The Generative Economy is a term coined by Marjorie Kelly to define "a living economy that is designed to generate the conditions for life to thrive, an economy with a built-in tendency to be socially fair and ecologically sustainable."

Generative economy attempts to reorganize the purpose and structure of an organization, to the extent of being self-organized around serving the needs of life. Generative economy claims to be based on designs that are rich in biodiversity, not monoculture. Examples of these types of organizational designs are employee ownerships, cooperatives, credit unions, community land trusts, co-housing communities, community wind, family-owned businesses, and foundations-owned companies (common in Northern Europe).

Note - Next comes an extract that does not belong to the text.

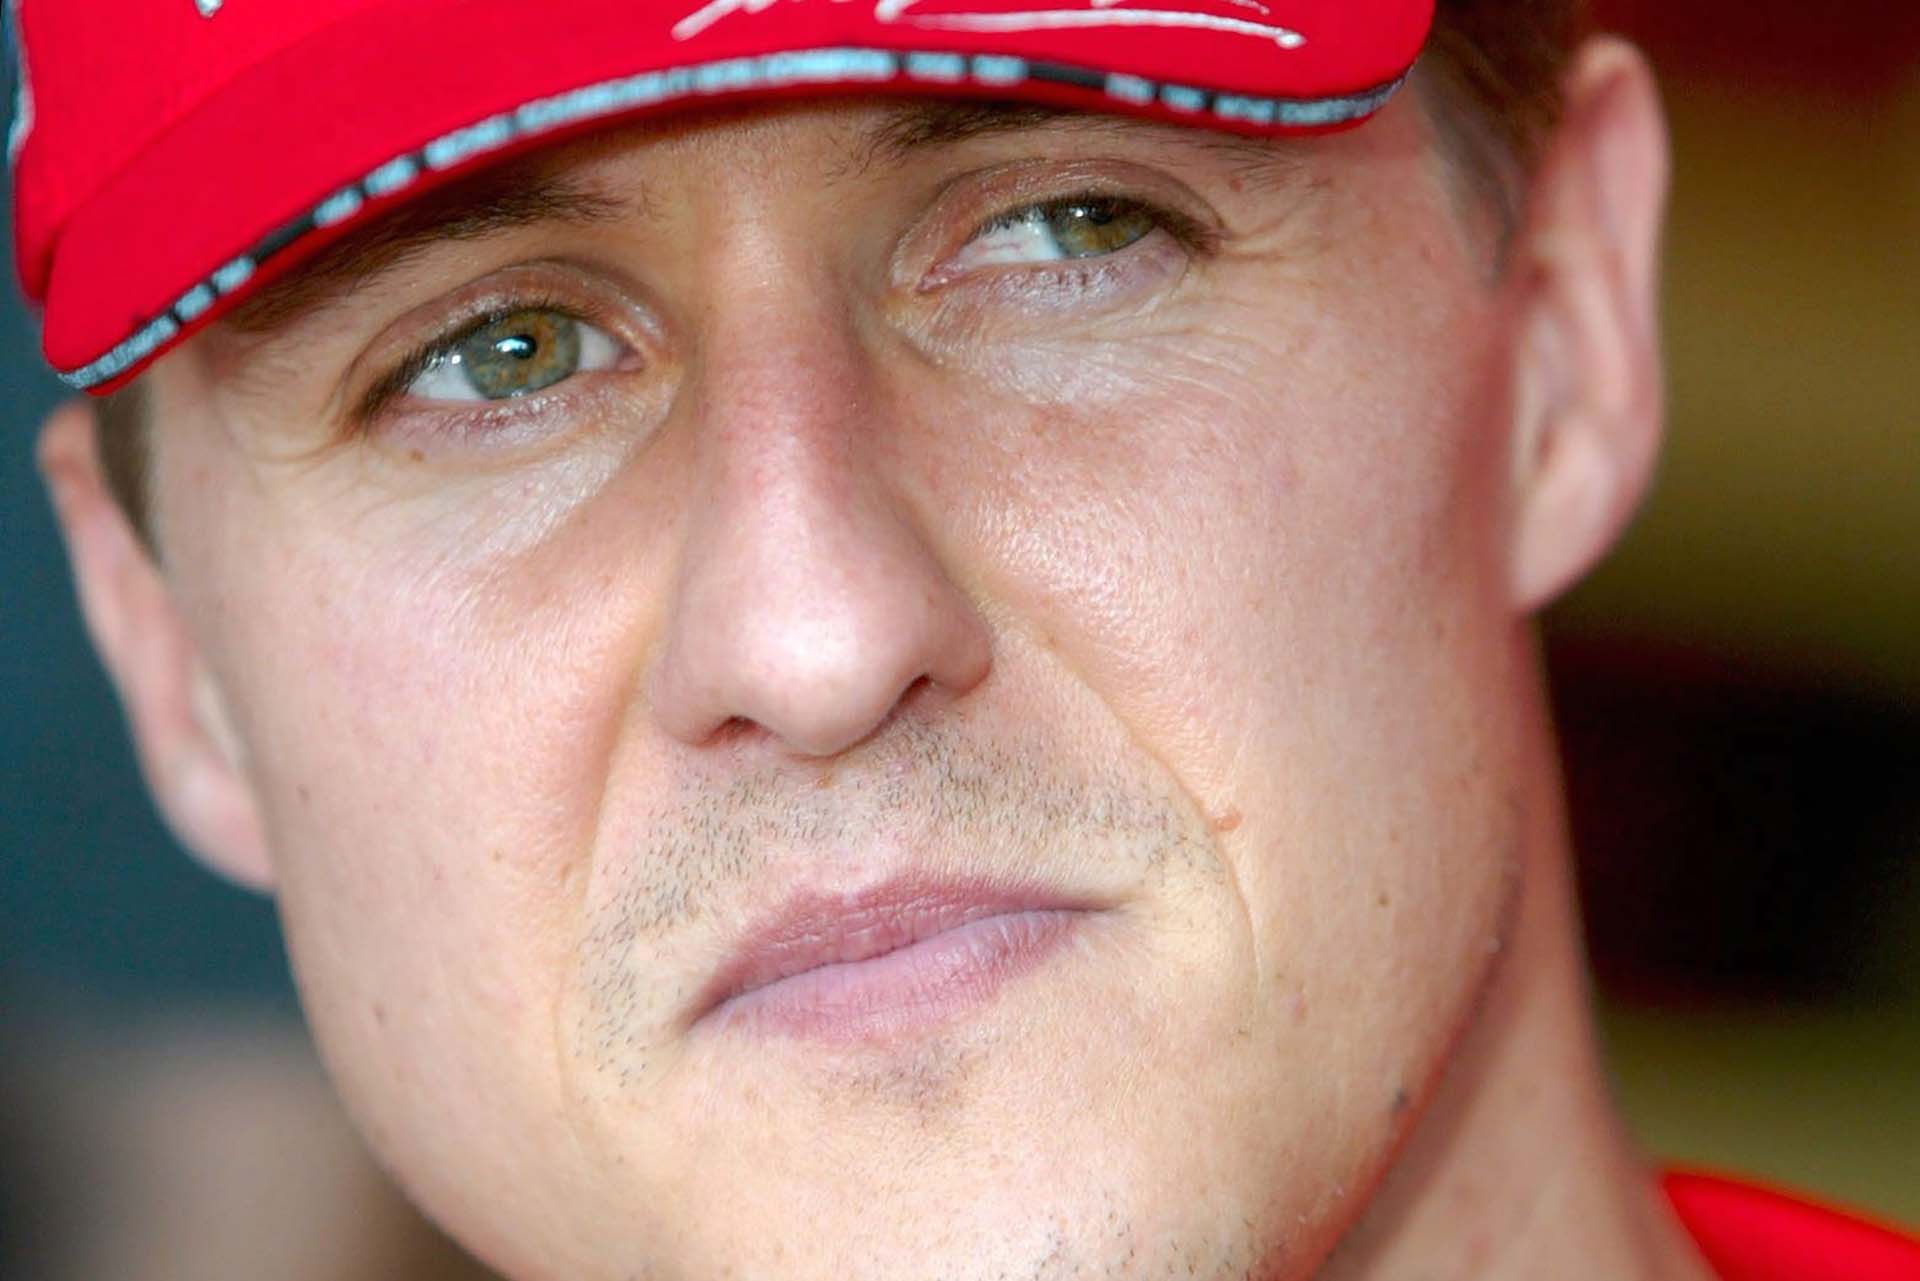 Michael Schumacher's tough fight

Its goals are to create fair and just outcomes, benefit the many rather than the few, and enable an enduring human presence on the planet Earth. The generative (living) model is meant to contrast with the extractive (financial) model that fueled nations through industrialization; it is a postindustrial philosophy
, and an alternative to conventional currency.

Controversy
Generative economy is arguably a better approach to the outdated extractive economy, but the transition to such a model must attempt to anticipate the difficulty in transforming participants behavior, such that living goals are prioritized and financial goals are not prioritized. It may be possible, albeit unlikely, that living and financial goals are not conflicting in the long-run for the majority of Earth's human population.